● **What is expected**:
Aside from the pictures, copy the listing exactly.

● **Information shown**:
_ _ _ _ _
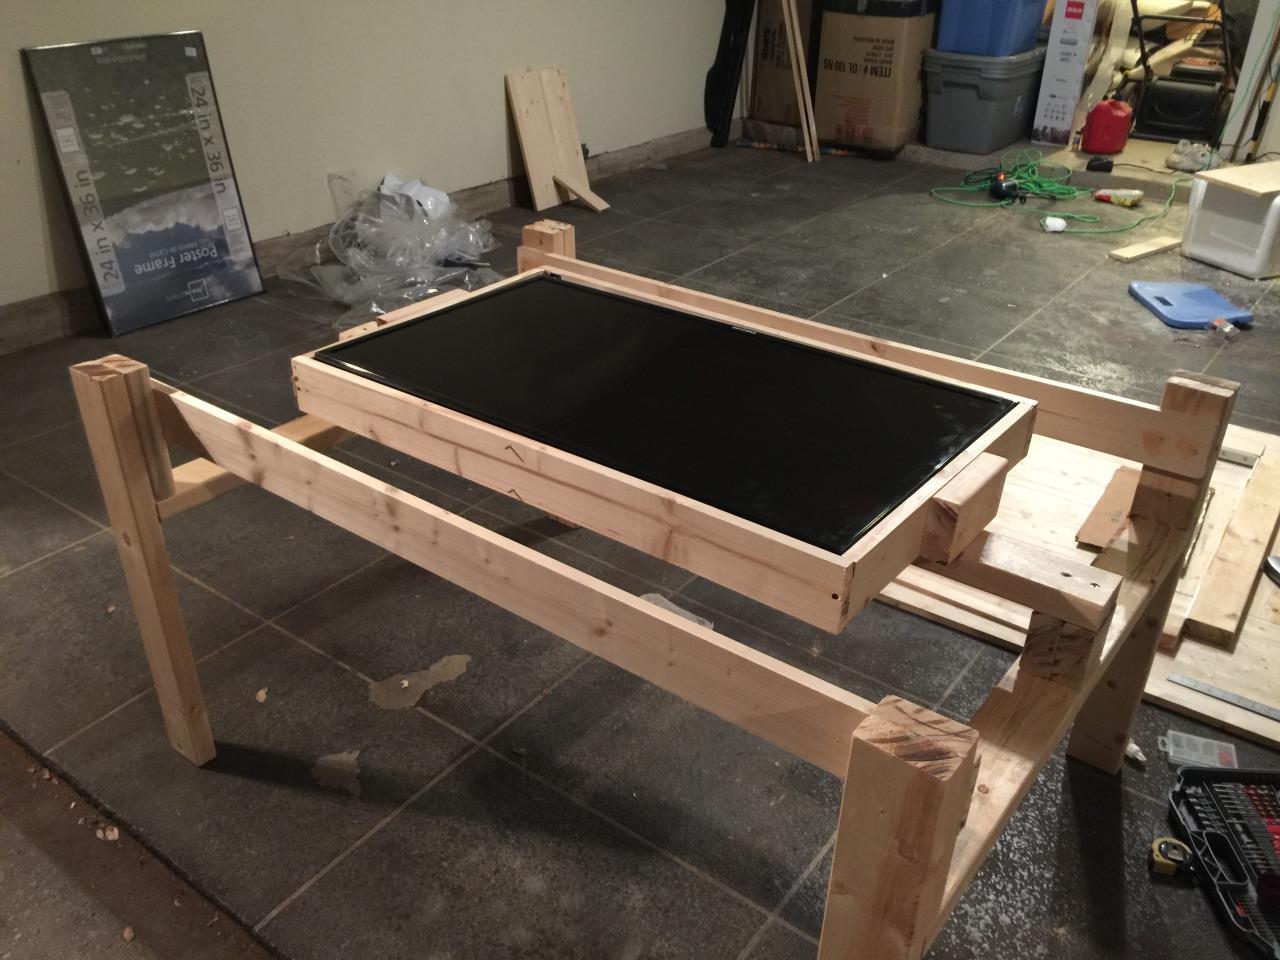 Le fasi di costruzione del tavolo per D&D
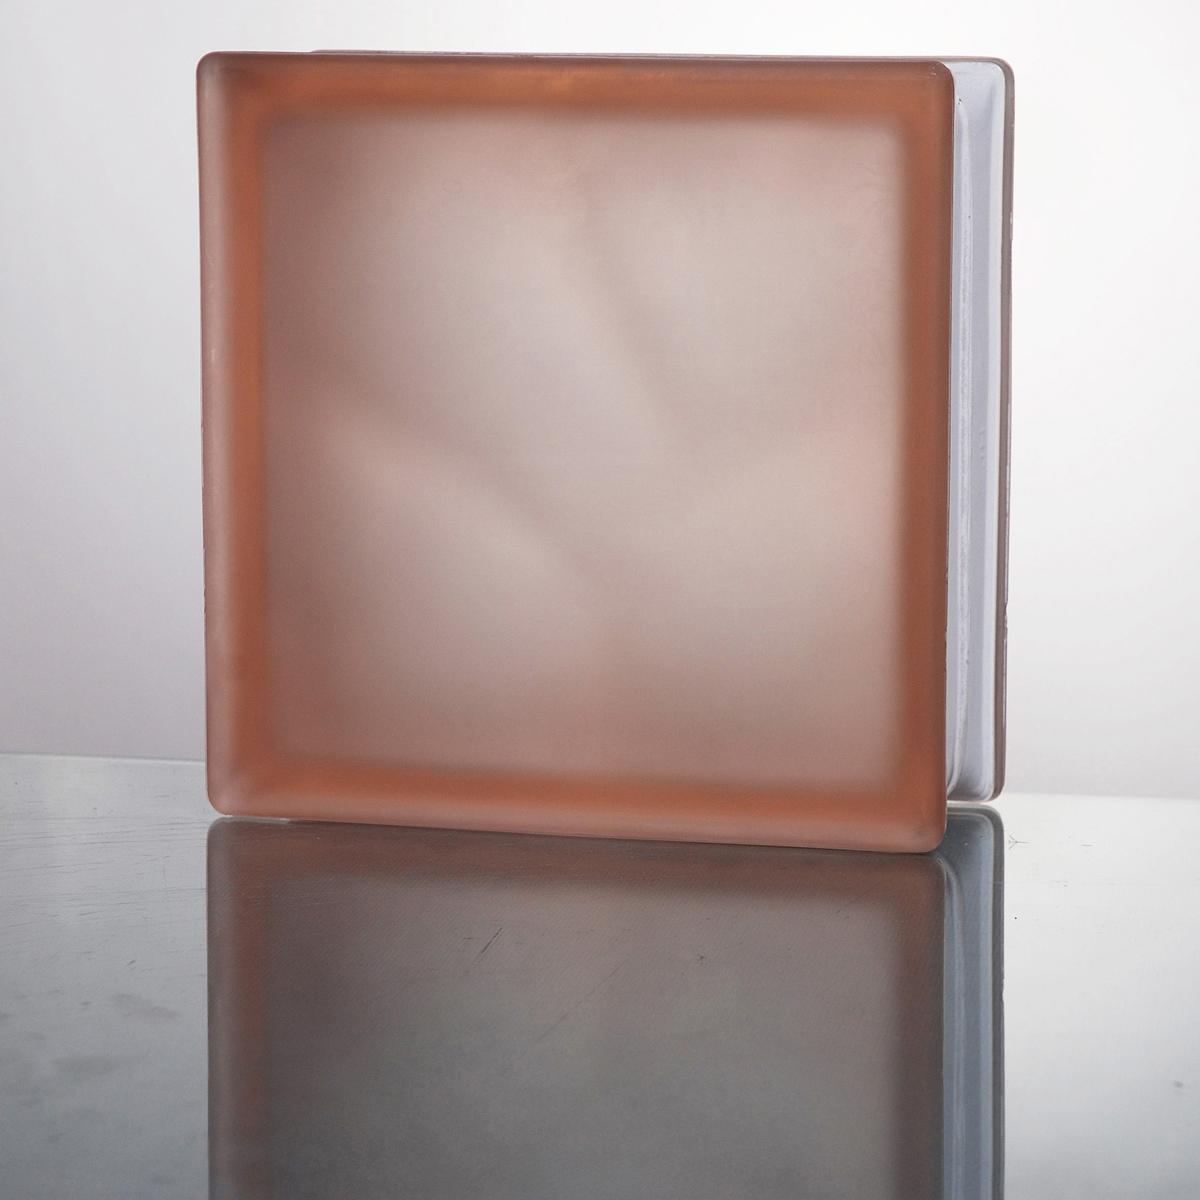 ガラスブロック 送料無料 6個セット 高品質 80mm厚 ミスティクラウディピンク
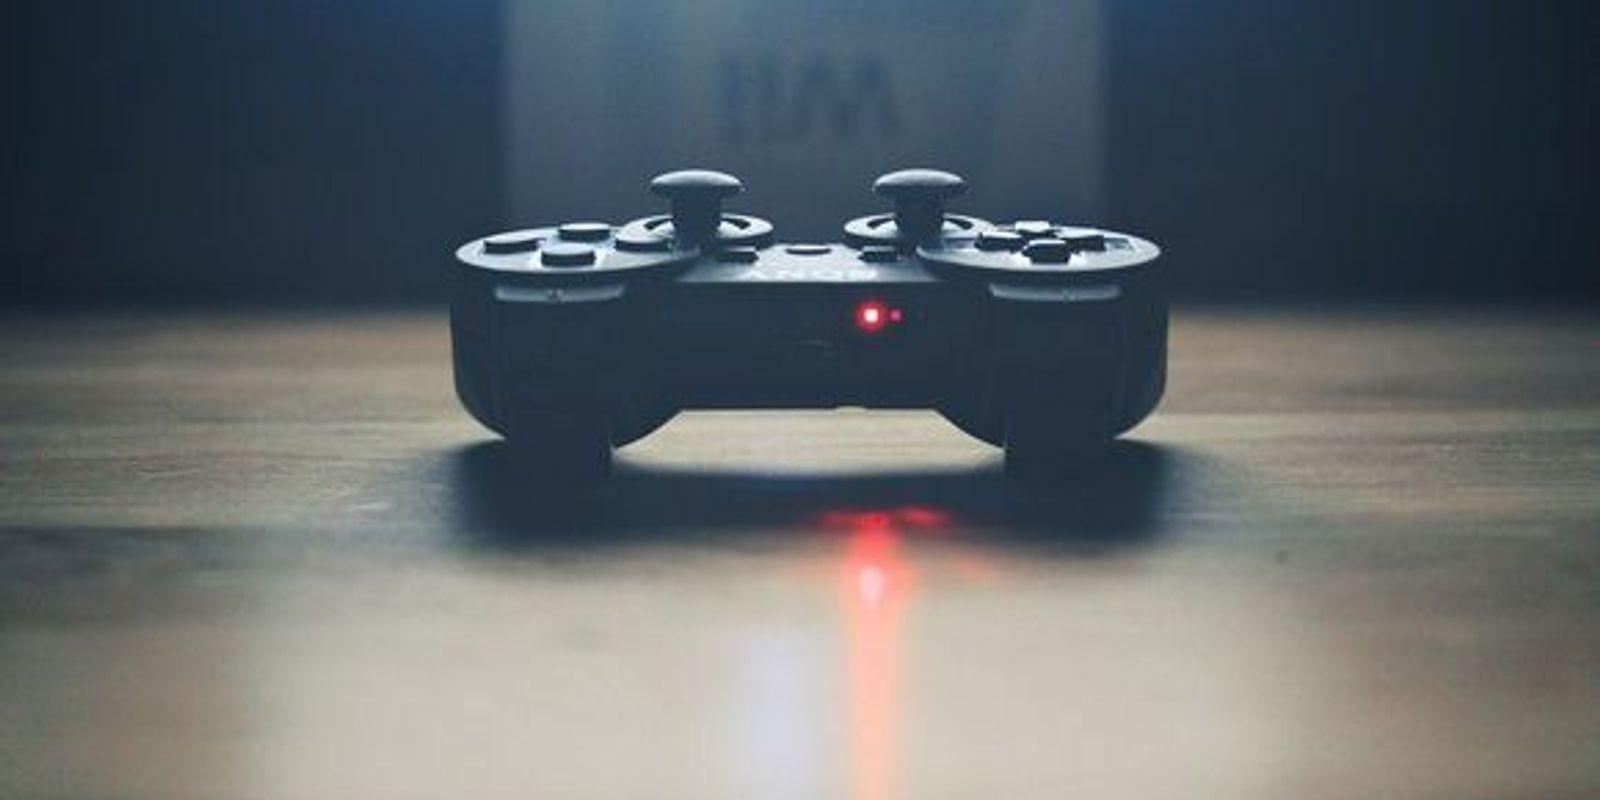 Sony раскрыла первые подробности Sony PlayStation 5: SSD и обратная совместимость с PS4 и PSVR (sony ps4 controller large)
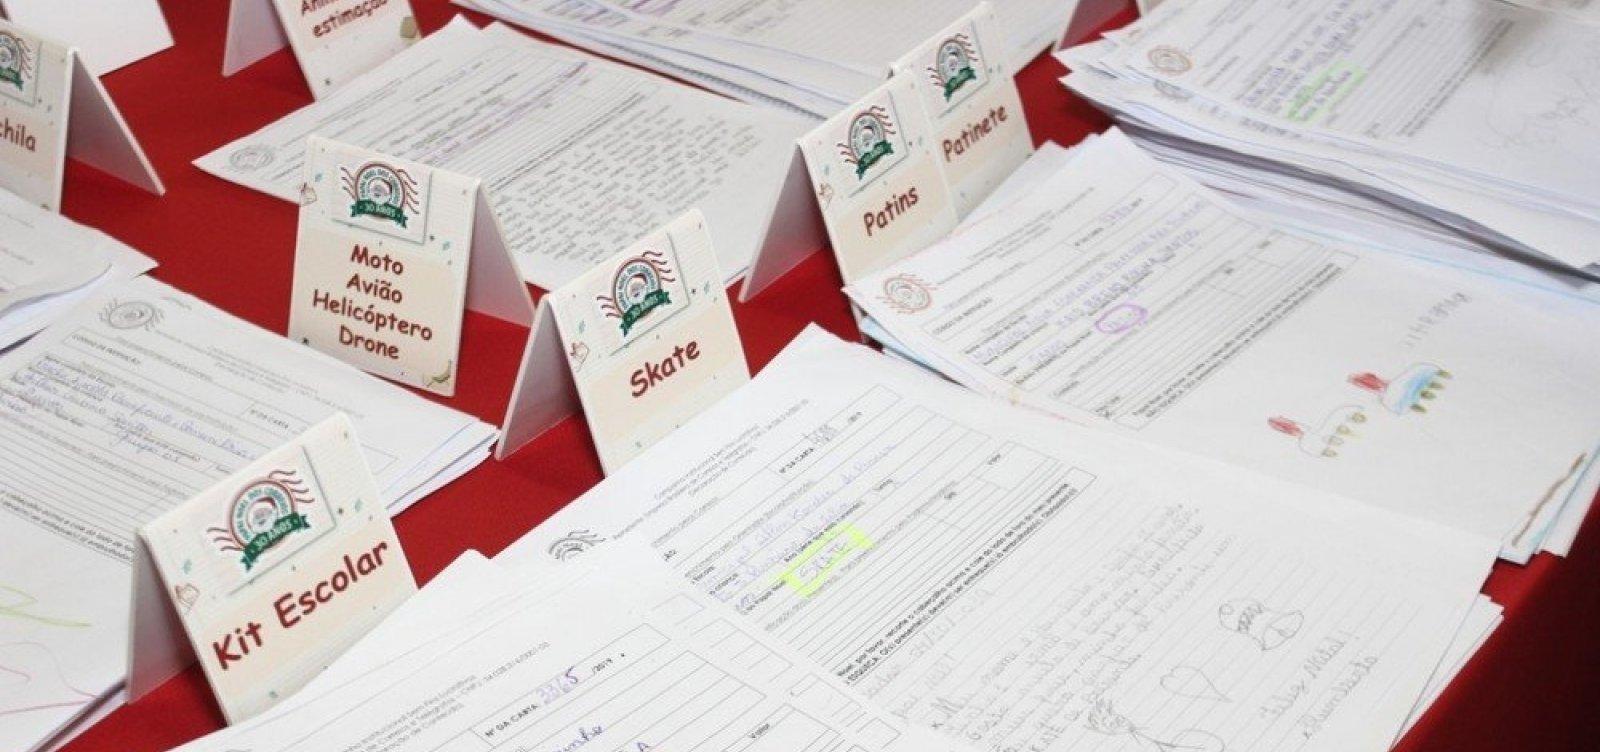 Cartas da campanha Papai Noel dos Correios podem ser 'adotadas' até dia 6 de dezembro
_ _ _ _ _
● **Task result**:
 Le fasi di costruzione del tavolo per D&D
 ガラスブロック 送料無料 6個セット 高品質 80mm厚 ミスティクラウディピンク
 Sony раскрыла первые подробности Sony PlayStation 5: SSD и обратная совместимость с PS4 и PSVR (sony ps4 controller large)
 Cartas da campanha Papai Noel dos Correios podem ser 'adotadas' até dia 6 de dezembro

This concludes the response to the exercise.